Chôros No. 13 is a work for two orchestras and band, written in 1929 by the Brazilian composer Heitor Villa-Lobos. It is part of a series of fourteen numbered compositions collectively titled Chôros, ranging from solos for guitar and for piano up to works scored for soloist or chorus with orchestra or multiple orchestras, and in duration up to over an hour. Chôros No. 13 is one of the longer compositions in the series, but has never been performed, because the full score is lost.

==History==
According to the official catalog of the Museu Villa-Lobos, Chôros No. 13 was composed in 1929; however, the full score cannot now be located. When Villa-Lobos travelled home to Brazil in June 1930 to fulfill some conducting engagements, it was his intention to return to Paris in a few months' time. However, when the Revolution of 1930 brought Getúlio Vargas to power, it became impossible for a time to travel or make payments abroad.
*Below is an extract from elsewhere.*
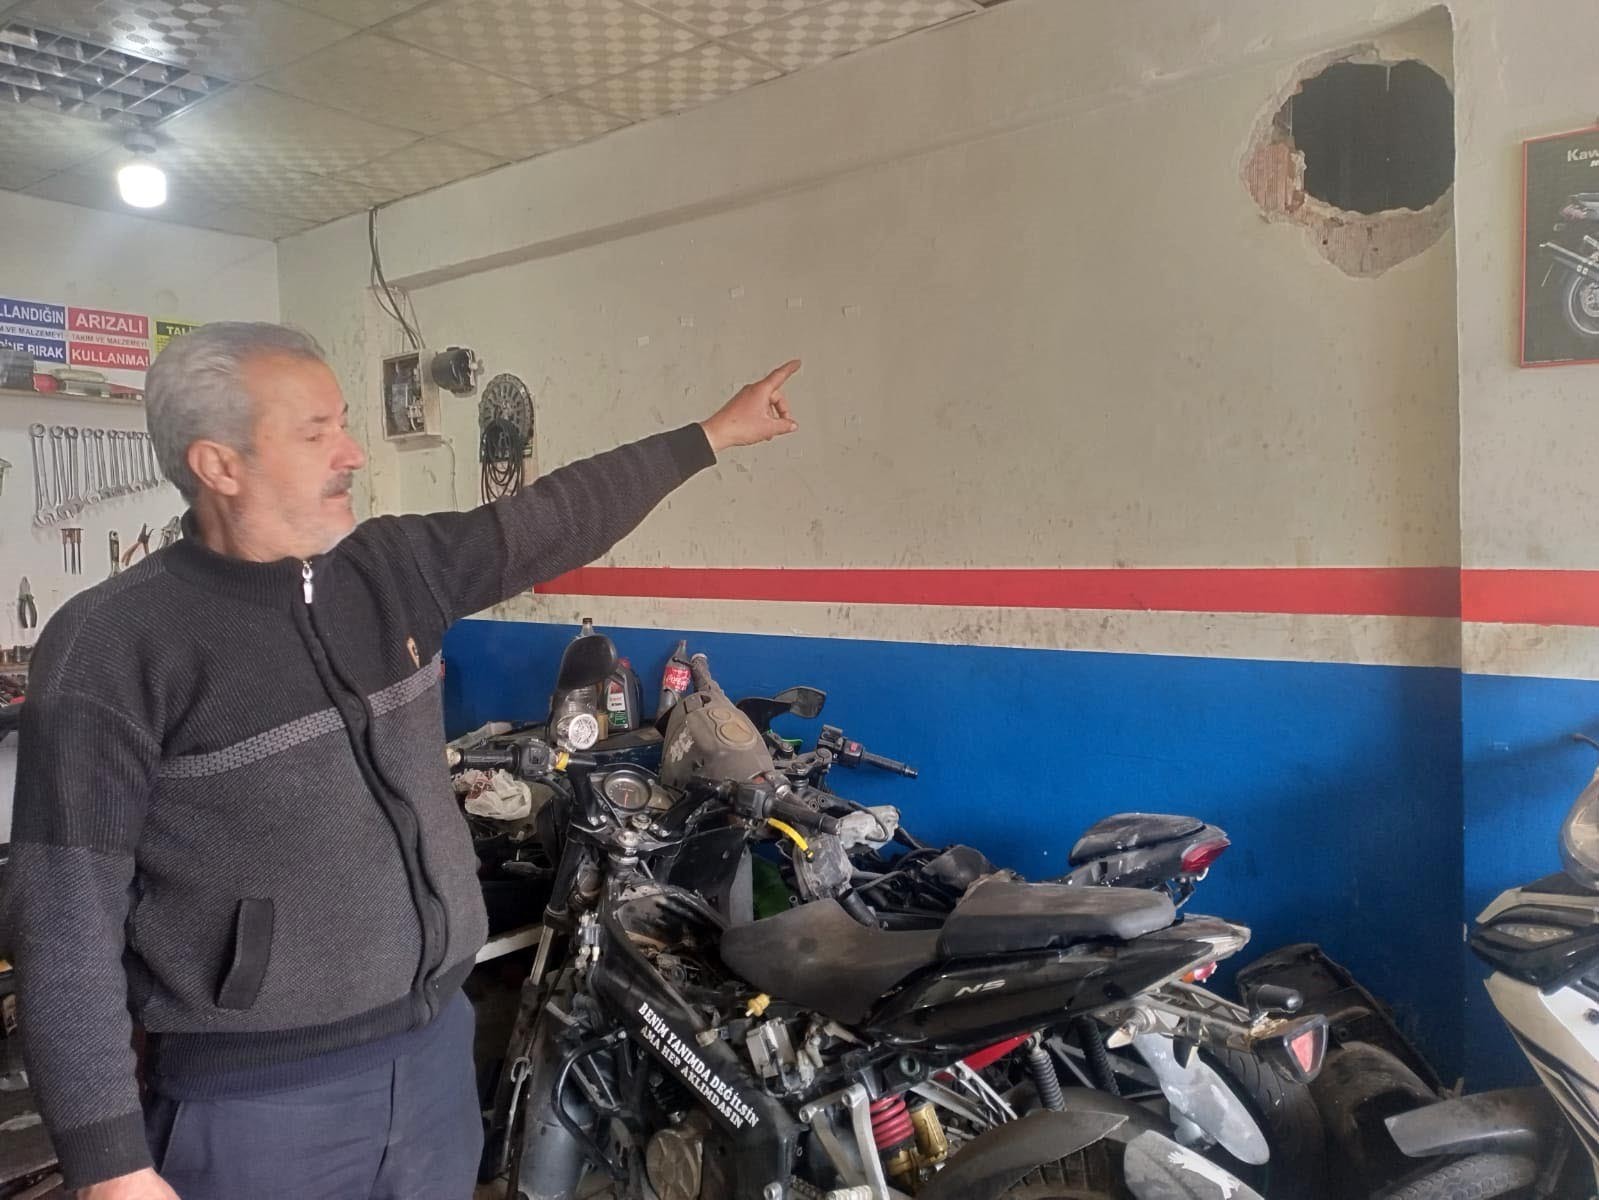 Duvarını deldikleri motosiklet tamircisini soydular #diyarbakir

As a result, Villa-Lobos was unable to pay the rent on his Paris apartment and he was evicted in absentia.

A number of works of art and many manuscripts left behind were never recovered, amongst which are believed to have been the scores of Chôros No. 13 and No. 14. The first page of a piano reduction of Chôros No. 13, however, is held by the Villa-Lobos Museum, and the composer published a substantial verbal description of the entire work. Another, unpublished document containing musical examples from both Chôros No. 13 and Chôros No. 14 exists and, while Adhemar Nóbrega accepts this as evidence that this composition, as well as Chôros No. 14, were completed, Lisa Peppercorn doubts that either ever actually existed.

==Analysis==
From the surviving short-score fragment it can be determined that Villa-Lobos conceived the work contrapuntally. The composer describes the work as "absolutely atonal … with tendencies to classicism". The work falls into four broad sections, plus a coda. The opening section constitutes a freely canonic exposition, primarily in the second, B orchestra. As this following development reaches a climax in preparation for a stretto, the band abruptly enters and transforms the character of the composition. In this second, bustling and colourful section, orchestra A deals primarily with the treble, and orchestra B with the bass, while the band occupies the middle region and prepares for its eventual dominant position amongst the three ensembles.
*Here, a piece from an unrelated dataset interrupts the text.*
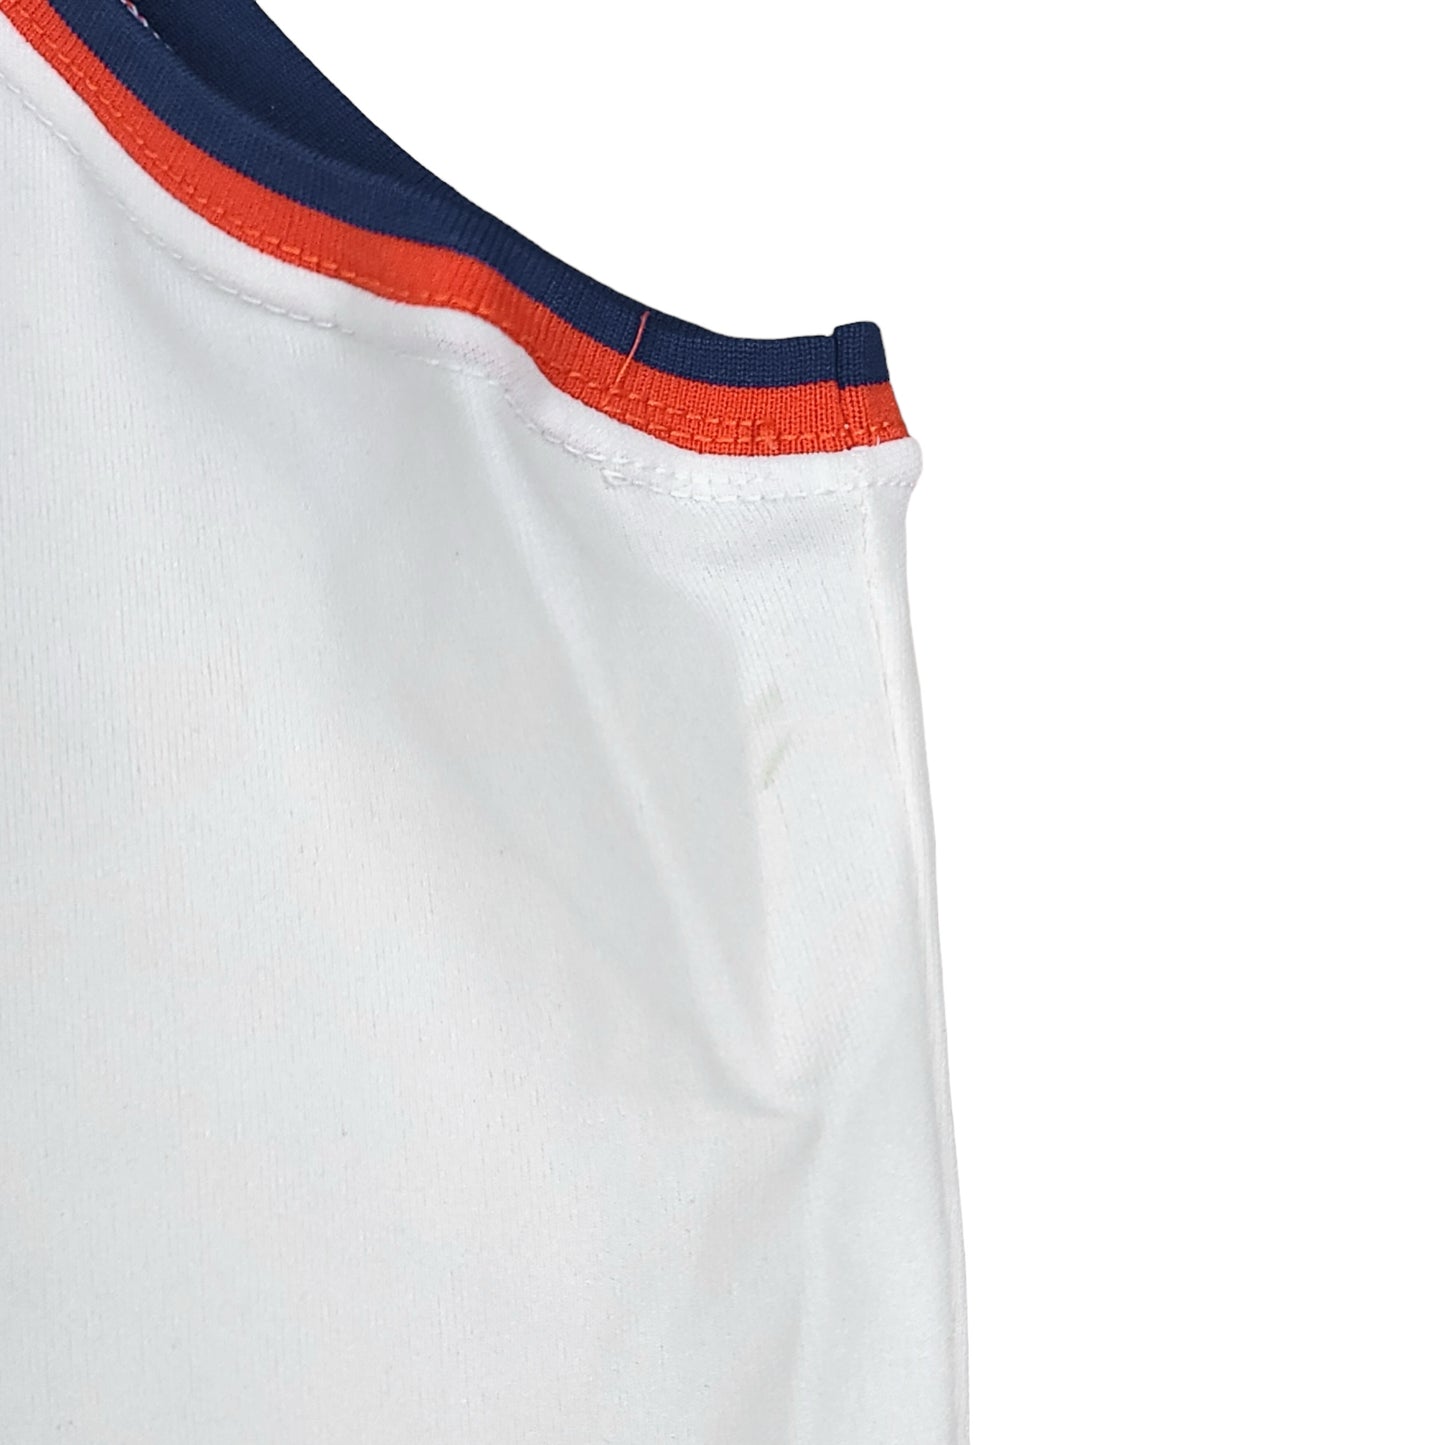 Vintage Patrick Ewing New York Knicks #33 White Sand Knit Jersey

A third section ensues, introducing a new atmosphere of percussive sounds, including many characteristic Brazilian instruments: the camisão (a single-headed frame drum), caxambu (a double-headed barrel drum), tartaruga (a sea-turtle shell), tambu and tambi (low and high stamping tubes, also used at the outset of Chôros No. 6), and pio (a ”cheeper”). The sound of the battery gradually diminishes to link to a fourth section having the function of a recapitulation, ending with a series of stretti. The work is rounded off with a final coda, ending in a surprising pianissimo given to the string sections of the two orchestras.